From The Publisher
"Between 1995 and 2000, Wayne Enstice and Janis
Stockhouse interviewed dozens of women jazz instrumentalists and
vocalists. Jazzwomen collects 21 of the most fascinating interviews. The
participants discuss everything - their personal lives, musical training
and inspirations, recordings, relationships with other musicians, the
music industry, sexism on the bandstand - and often make candid and
revealing statements. At the end of each interview is a recommended
discography compiled by the authors." Every jazz listener, musician,
teacher, and student will be captivated by interviews with Marian
McPartland, Regina Carter, Abbey Lincoln, Cassandra Wilson, Diana Krall,
and their peers. Includes a sampler CD with complete works by several of
the artists, including Jane Ira Bloom and Ingrid Jensen.
Here is what the critics have to say: Editorial Reviews
From Booklist At their best, question-and-answer interviews can
communicate personality as impressively as the best fiction. Such
outstanding examples of the form are masterpieces of the writer-editor's
craft, requiring immense sensitivity to the interviewee's vocal tone,
cadences, and inflections, and to the interviewee's characteristic
vocabulary. The interviewer must transform raw conversation, with all its
verbal tics and vocalized but nonverbal punctuation, into a readable
continuity that keeps the sense of what was said and more--the color and
juice of a distinctive person. Enstice and Stockhouse bat close to a
thousand with their interviews of 21 women who have made their way, often
enough to the pinnacle of acclaim, in the male-dominated world of jazz.

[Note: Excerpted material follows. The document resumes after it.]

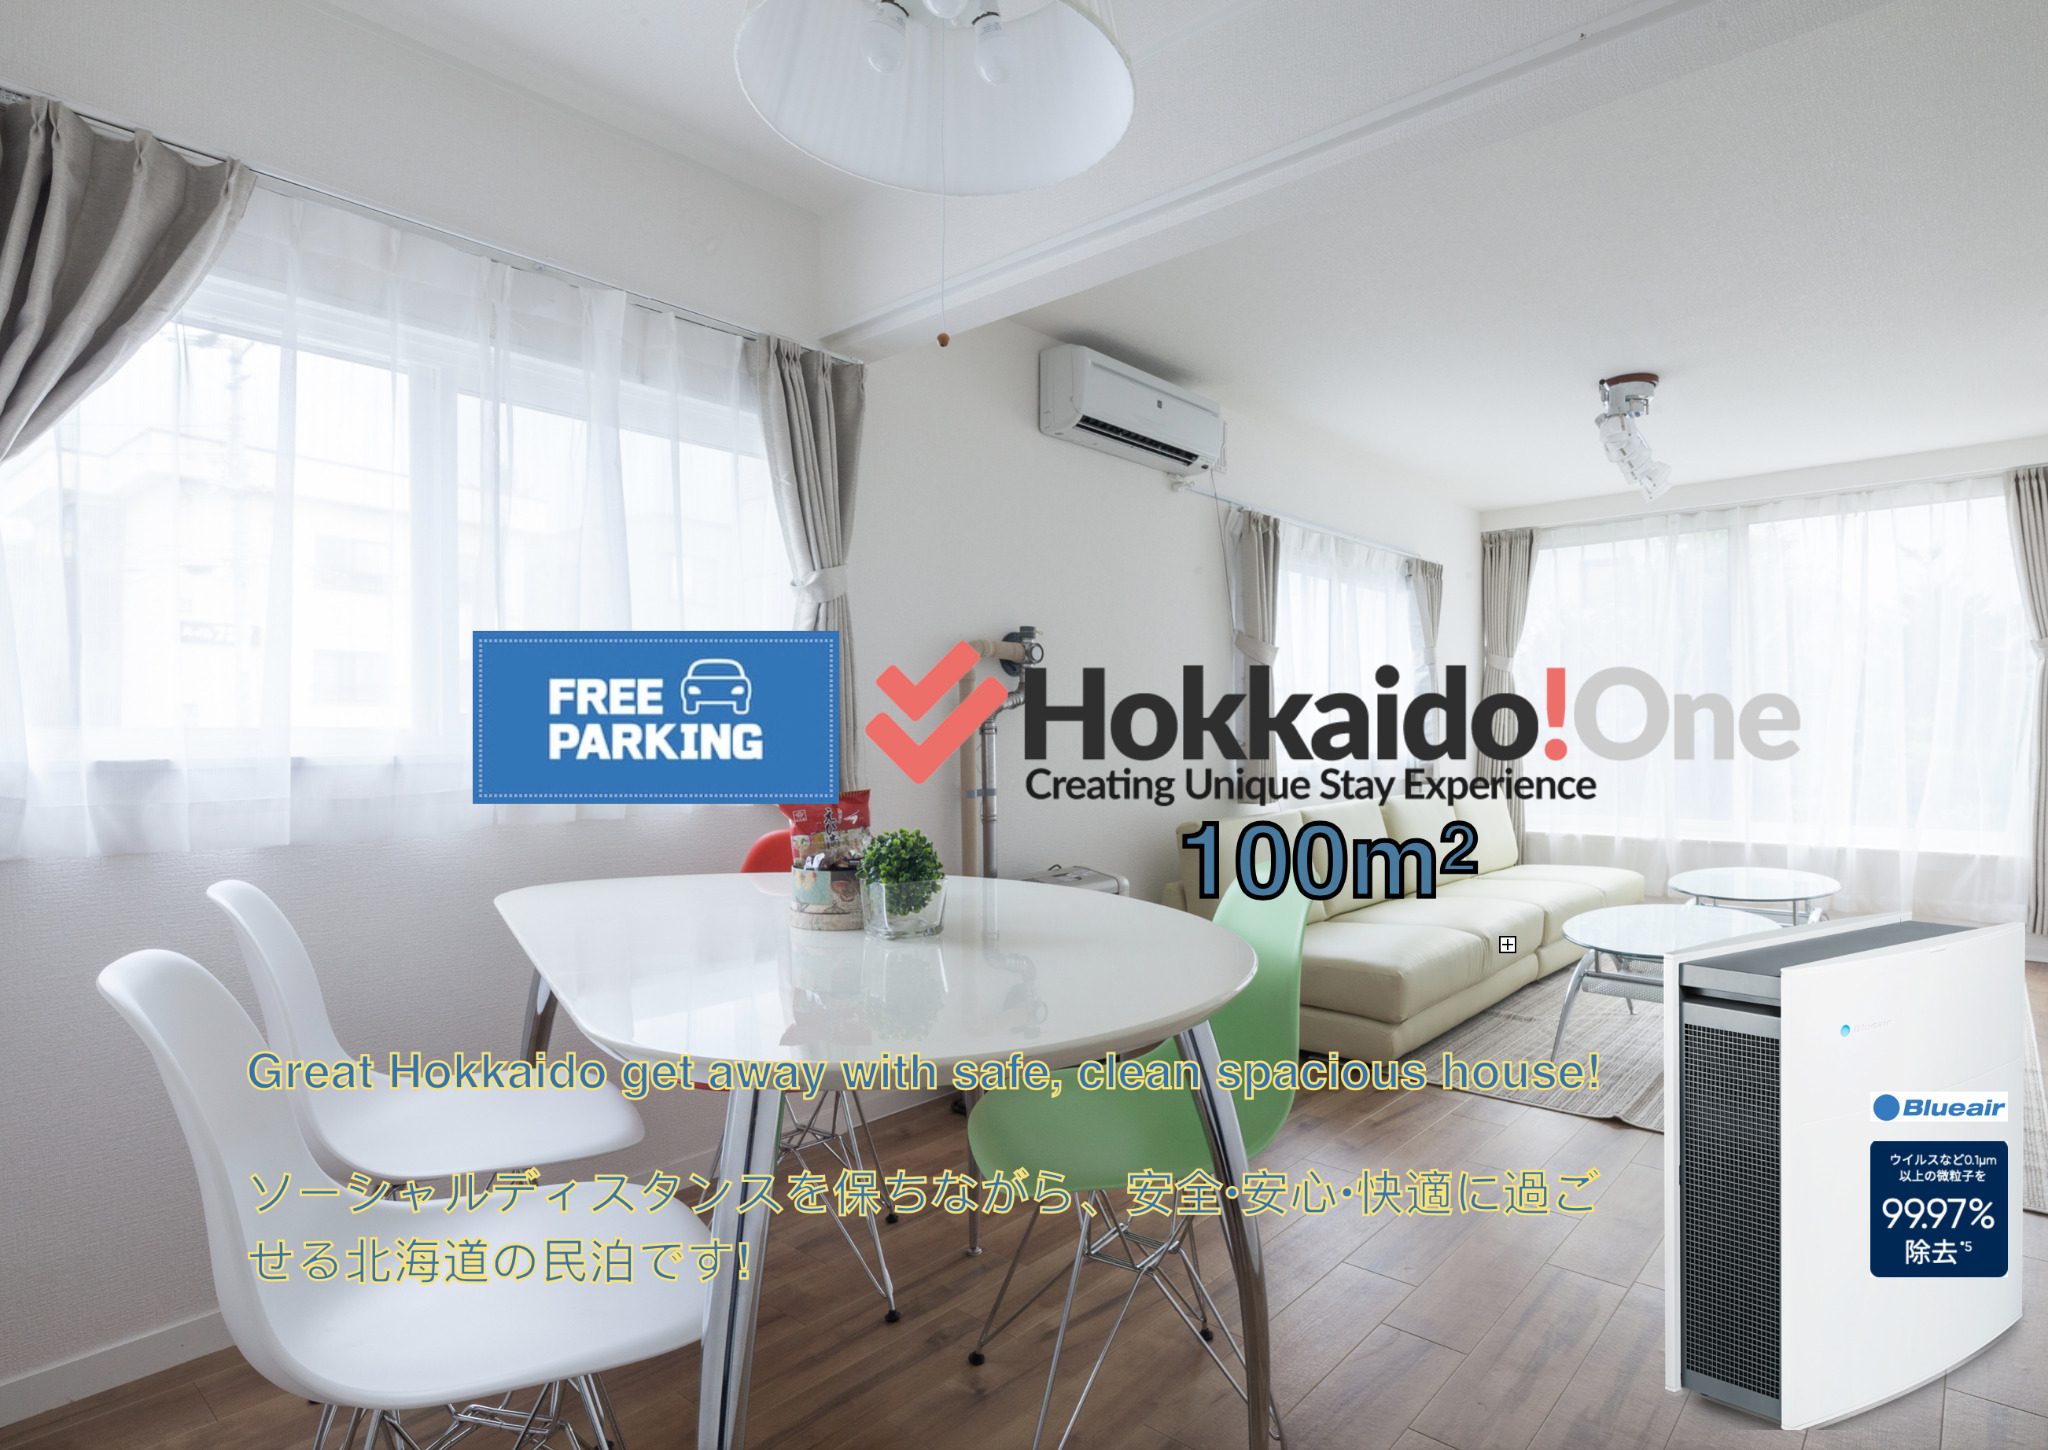 HDO 24軒 House 4LDK with Parking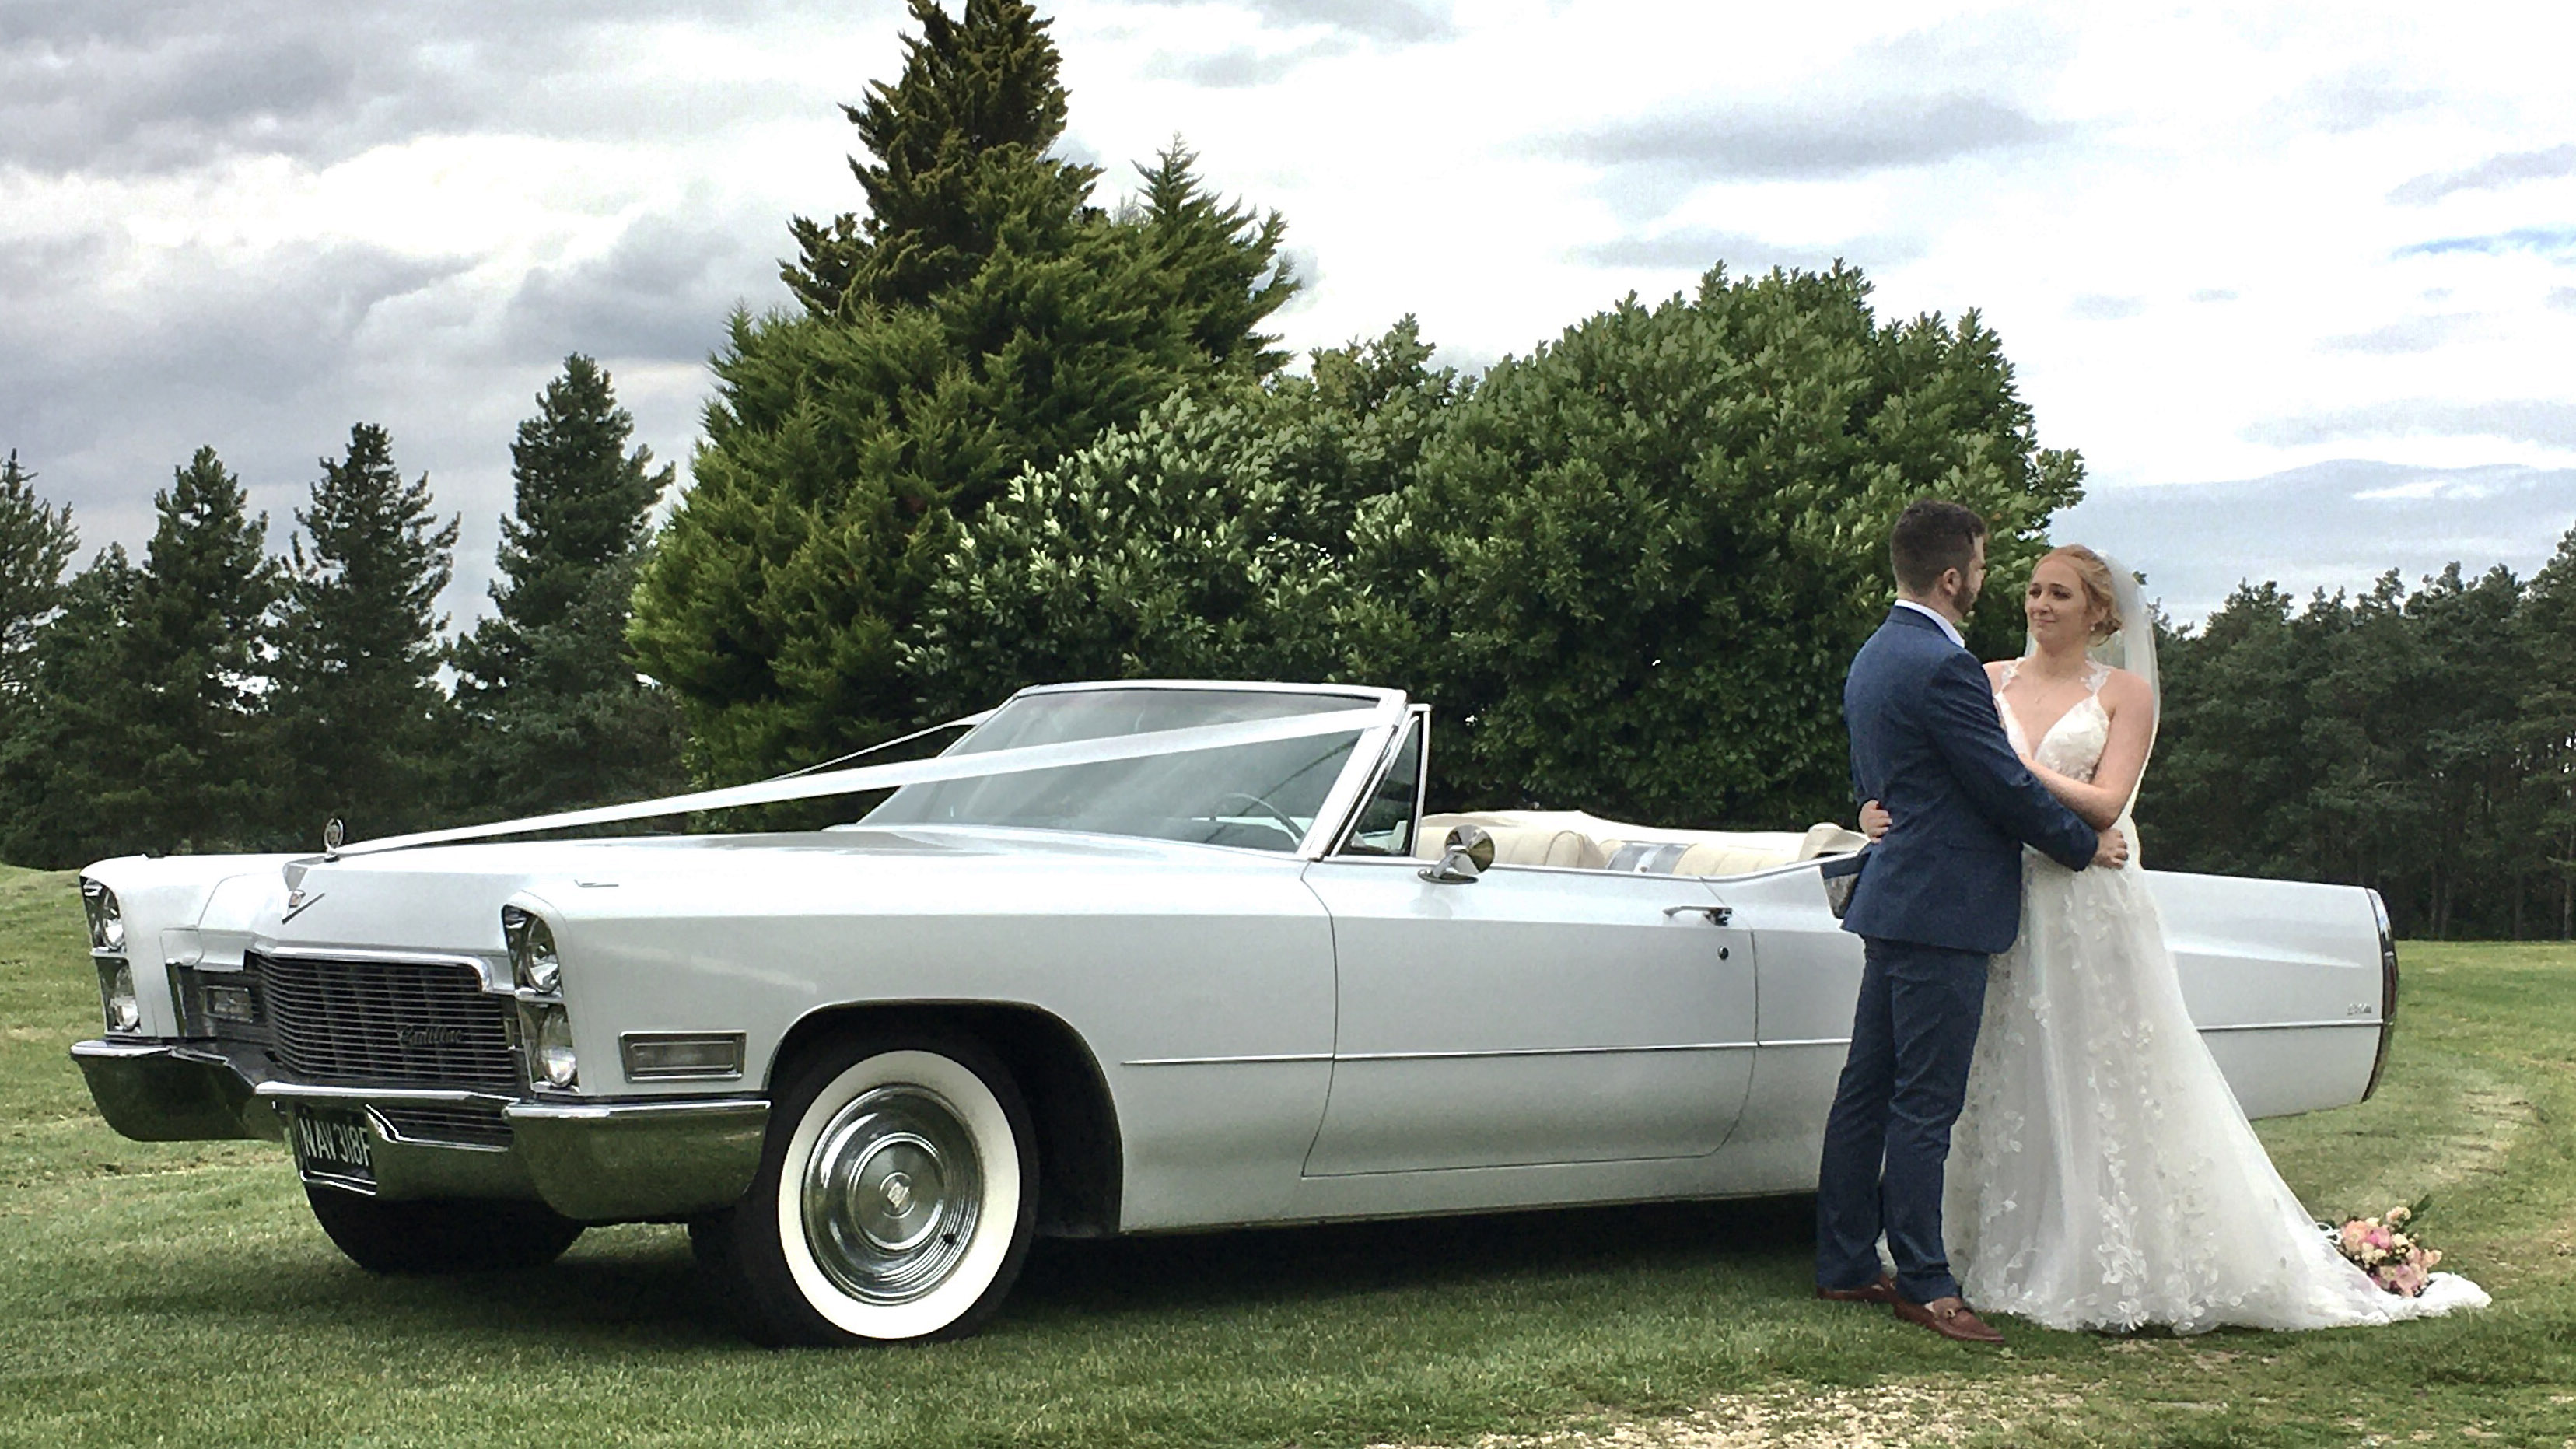 White American Classic Cadillac in white with roof down, decorated with white ribbons. Bride and Groom re standing by the vehicle holding and looking at each others.

What pianist Marilyn Crispell says reflects the honed and carefully
marshaled strength that she unleashes with such brio in her cascading,
effulgent improvisations. JoAnne Brackeen, also a pianist, almost induces
levitation with the headiness of her kinesthetic worldview, in which
everything is ultimately musical. In her concern about dealing with the
almost-unheard-of-in-jazz predicament of being a star who is frequently
recognized offstage, singer-pianist Diana Krall discloses the pressure
that grace can live under. Drummer Dottie Dodgion, one of the least known
of these interviewees, exudes the professional savoir faire of a
half-century-long career. Each woman sounds unique, and as any jazz lover
would tell you, that's what makes each of them a jazzwoman. Sublime.